As they sped toward this refuge, Gray sensed time was running out. He crouched low beside the pilot. Though he had no way of knowing for sure, he could picture the shadow of that airplane closing in behind him.
His fingers dug into the back of the pilot’s chair.
“Almost there,” Aiko whispered, as if fearing the enemy above might hear her.
Palu scowled, matching her whisper. “Don’t jinx us.”
The nose cone of the midget sub aimed for the darker waters ahead, where the debris field shielded the sun.
And soon hopefully us.
Gray held his breath, willing the engines more speed. Then at long
last, the sub glided under the thick layer of soupy microplastics. The world grew immediately dimmer. Ahead, darker patches of the ocean marked trash piles on the surface.
He let out a rattling sigh.
Made it.
Then a muffled BOOM shook the back of the boat. The vessel momentarily lifted up on its nose as a shock wave struck their rear.
Gray crashed against the pilot’s seat. “Hard to starboard!” he hollered and pointed to a shadow-mottled section under the garbage patch. “Max power!”
The pilot expertly drove the boat into a sharp turn as more bombs smashed through the trash and filth, exploding like fiery stars in the night. A darker shadow enveloped them as the plane passed over the debris field. More charges exploded in its wake, but the barrage was scattershot and spread out.
They’re shooting blind, he realized.
Even better, the explosions blasted up sand and silt, further obscuring the path ahead.
A moment later, the ocean went silent, marking the end of the initial bombing run.
But would they come around again?
Knowing they needed somewhere to hide, Gray spotted and pointed to a large carpet of debris ahead—and the dark shadows beneath it.
“Bring us to a stop under there.”
The pilot nodded sharply. He slowed the sub and glided it to a hover under the protective blanket of garbage. The underside was woven together by a tangle of nets. Several draped lower, hanging from above like Spanish moss.

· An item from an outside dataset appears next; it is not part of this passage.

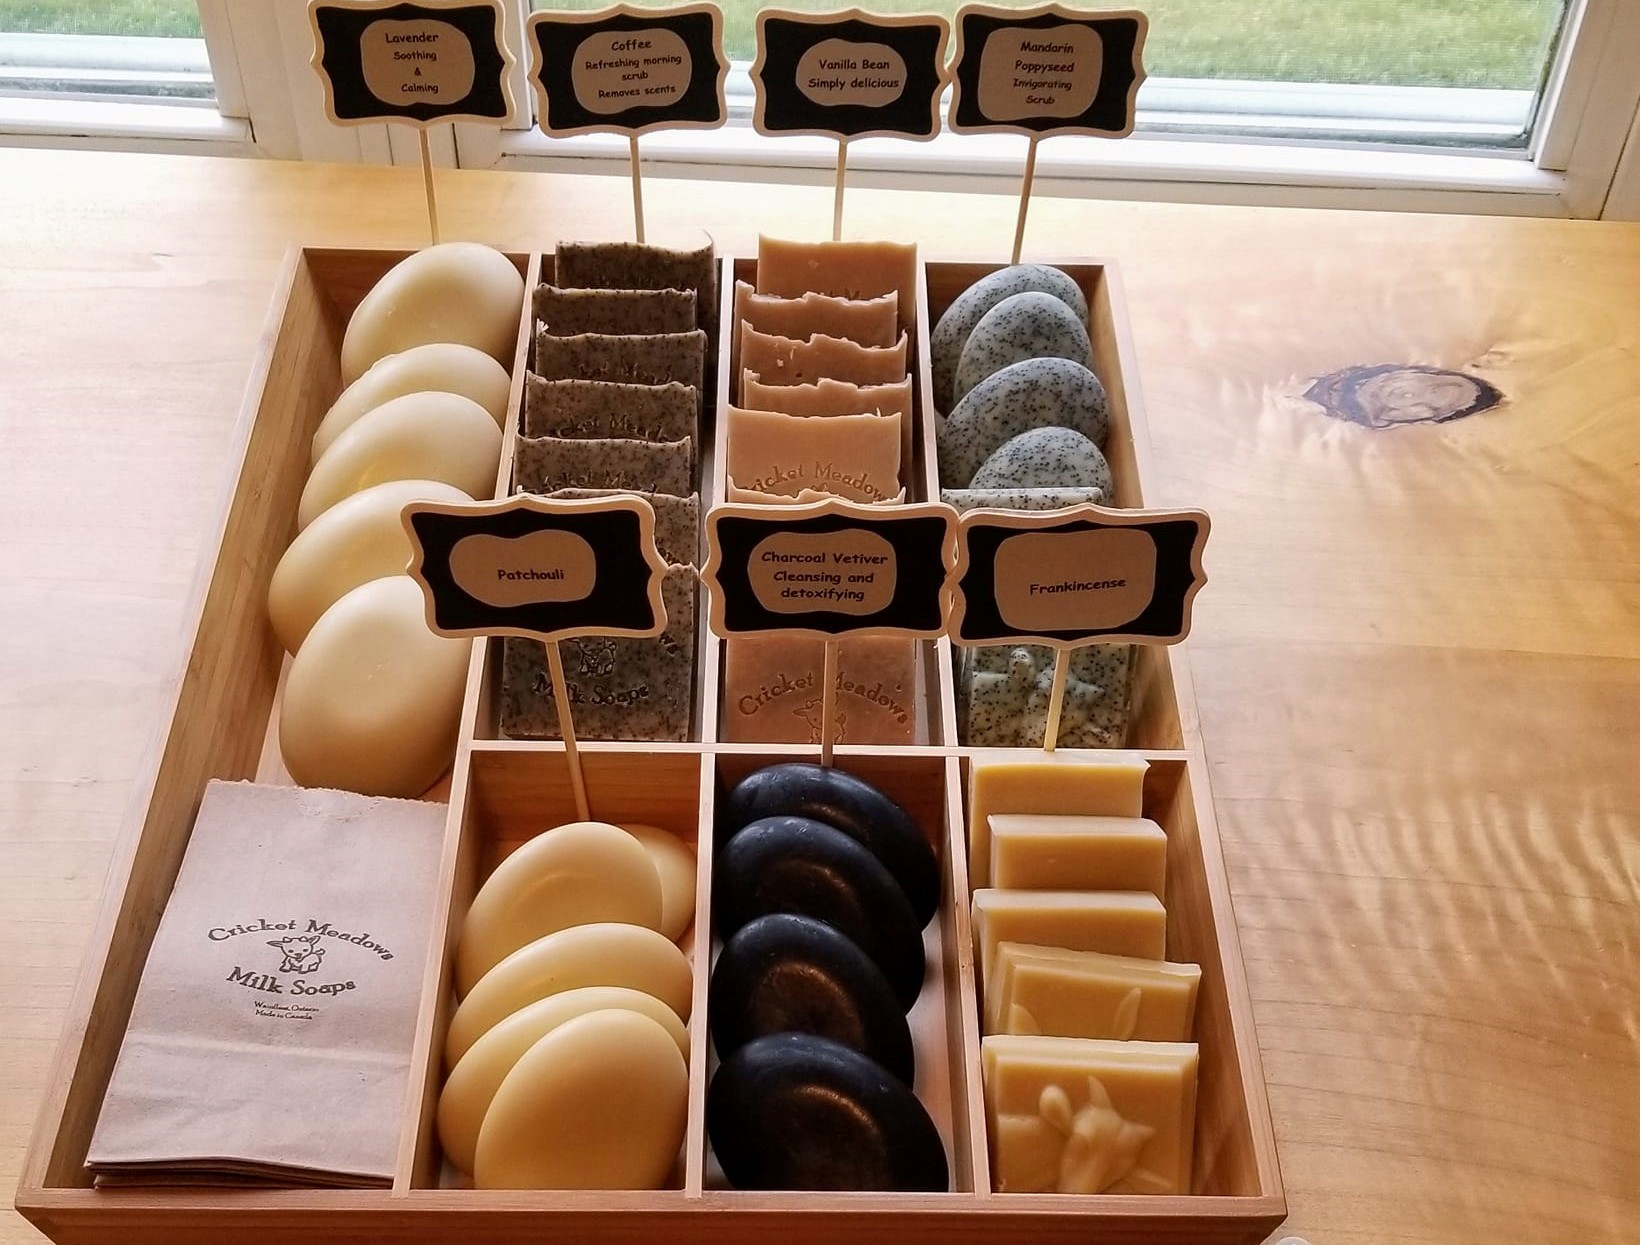 Cricket Meadows Farms assorted soaps

The nose cone brushed alongside one, setting the net to twirling. As it turned, the carcass of a seal revealed itself caught inside. The flesh had mostly been picked clean, leaving rubbery fins and bones.
Aiko gasped.
In the murk, even Gray shuddered at the sight.
“We call it ghost fishing,” Palu said, nodding to the carcass. “Hundreds of tons of nets find their way to the Patch. While carried by the currents, they trolled the seas on their own, catching and tangling prey, carrying their ghostly cargo here.”
Gray stared up at the netted mass of debris and bones.
Let’s hope we don’t suffer the same fate.